Flatfiles, or Database, or File system - Databases forum at WebmasterWorld - WebmasterWorld

Forum Moderators: open

Message Too Old, No Replies

Flatfiles, or Database, or File system

mySQL vs. my.txt vs. files - large number of very simple records

claus

12:06 pm on Dec 15, 2005 (gmt 0)

WebmasterWorld Senior Member

10+ Year Member

Here's a question for the DB savvy and those of you who likes to test stuff ;)

What I want to do:

What I want to do is to take "Input A" (a unique string) and return the corresponding "Output A" (another string - not always unique). That's all. I will not need any more than that. A long list of pairs - potentially very long.

Now, this little darling will just accumulate pairs of strings. Over some years, it could get a seven or eight digit number of "pairs". And if it all explodes it might get more, but that's unlikely. I will probably want to support a 10- or 11 digit number of pairs, just to be on the safe side. Getting that many will be very unlikely, but not impossible - it will take several years, though.

How should I do it:

I see three possible solutions, please advice:

(A: Database) A mySQL table with three colums (unique id third, or perhaps an index on the lookup strings would be better?) Also: A relational database isn't really needed as there are no relations, just one simple lookup. So, if you know better DB's for this, please tell

(B: Flatfiles) A collection of flatfiles. With a little effort you could make some kind of system in the lookup strings, so that you could make flatfiles of some arbitrary lenght, say 10,000 lines or something. Each line would be "input value - separator - output value"

(C: File system) "Atomic" use of flatfiles: Make each "Input string" a file name and write the output string to the content of the file. So, when a request comes in, just read the corresponding file.

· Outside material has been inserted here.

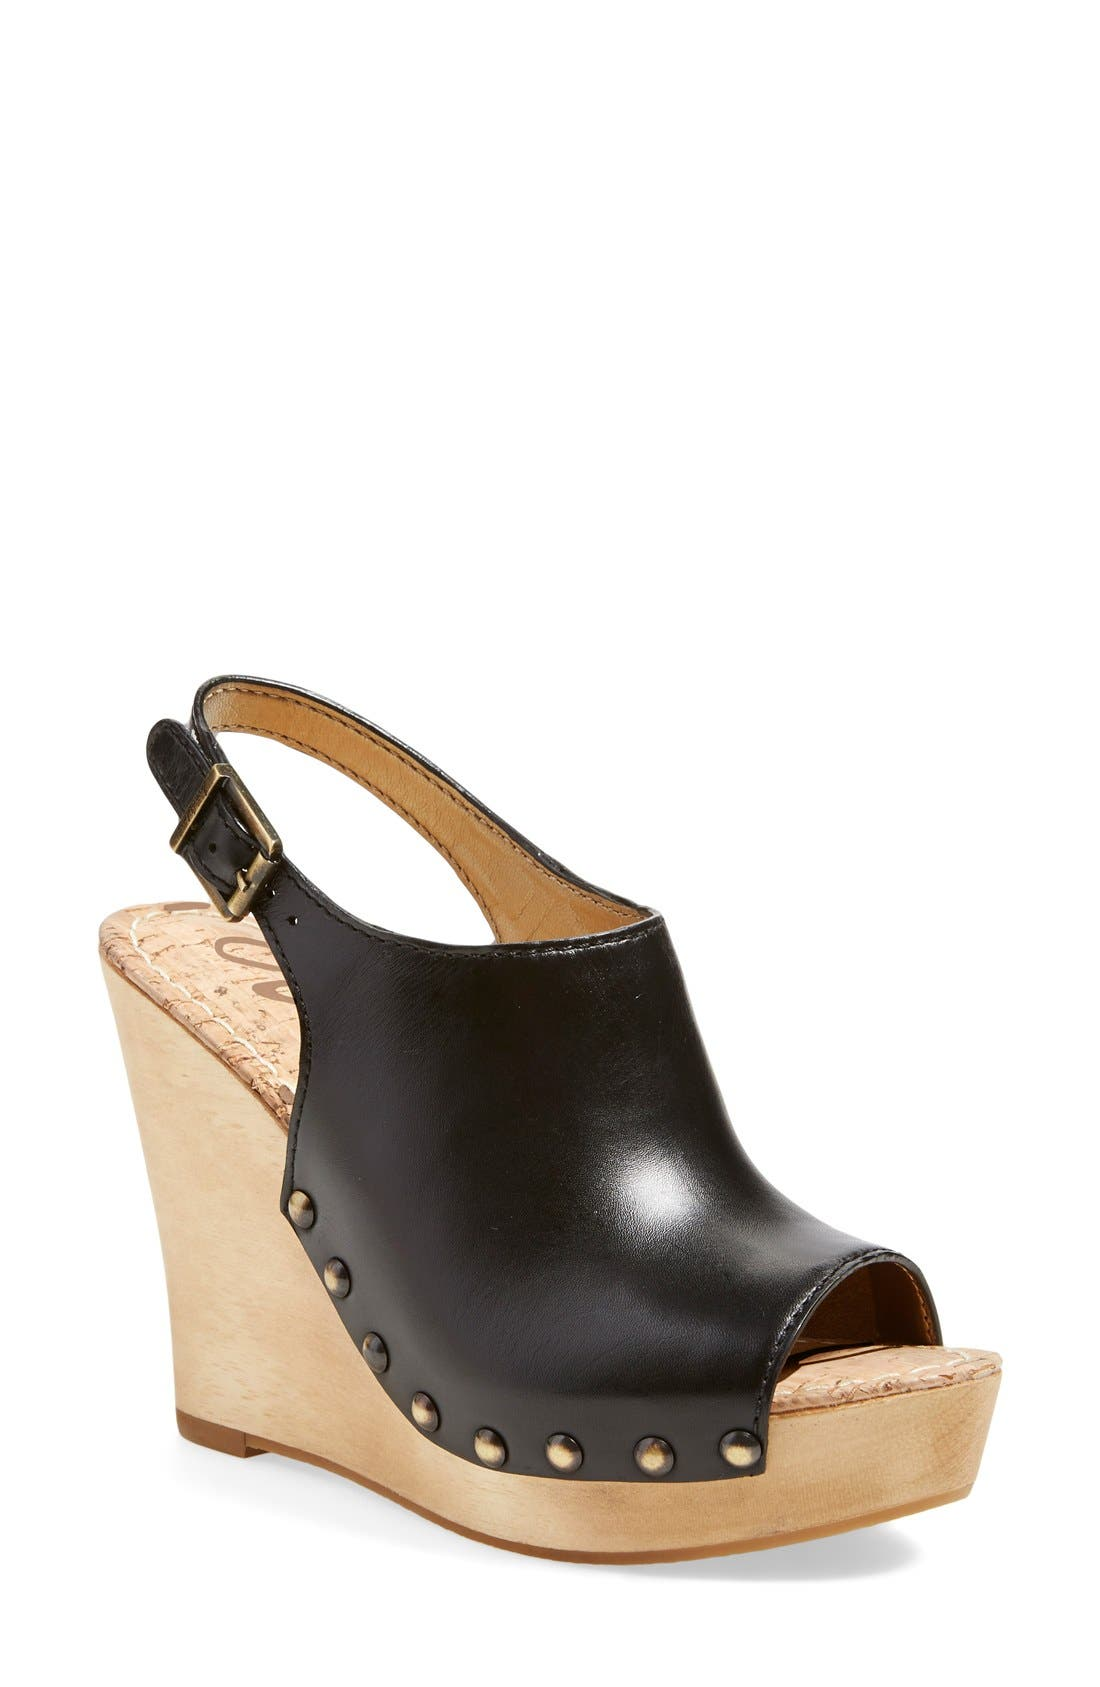 Alternate Image 1 Selected - Sam Edelman'Camilla' Wedge Sandal (Women)

What do you think: A, B, or C?

- Speed?
- Reliability?
- Cost / processing?
- Backup / Maintenance?

I appreciate all kinds of fedback :)

Frank_Rizzo

12:29 pm on Dec 15, 2005 (gmt 0)

WebmasterWorld Senior Member

10+ Year Member

What's the total byte size of files? and what's the total number of files?

If just one or two flat files, and the total file size is only a few Mb then go for flat file. Do this especially if the database is mostly read only. You could then just load it into an array, or variable and very little disk access will be used.

If lots of files or dozens of Mb then certainly go for mysql.

I've always gone with the line the keep it simple view. If possible stick with flat files as these are quick, easy to setup and easy to maintain. Only go proper db if the files get large or you need indexing, joins etc., or if you are regularily updating / appending records.

graeme_p

12:34 pm on Dec 15, 2005 (gmt 0)

WebmasterWorld Senior Member

10+ Year Member

Top Contributors Of The Month

MySQL is definitely overkill, even something like SQLite would be overkill for this.

volatilegx

2:34 pm on Dec 15, 2005 (gmt 0)

WebmasterWorld Senior Member

10+ Year Member

I'd use a combination of B and C.

arran

3:37 pm on Dec 15, 2005 (gmt 0)

10+ Year Member

Based on the potential number of records (10,000,000+), why mess around (f)grepping thousands of 10,000 line files? I suppose you could create pseudo-indexes based on filepaths but why re-invent the wheel? In terms of solution simplicity, I would go with the database (one table, one index).

arran.

claus

8:47 pm on Dec 15, 2005 (gmt 0)

WebmasterWorld Senior Member

10+ Year Member

Wow, that was quick - I didn't expect to get so many answers already. Thanks a lot :)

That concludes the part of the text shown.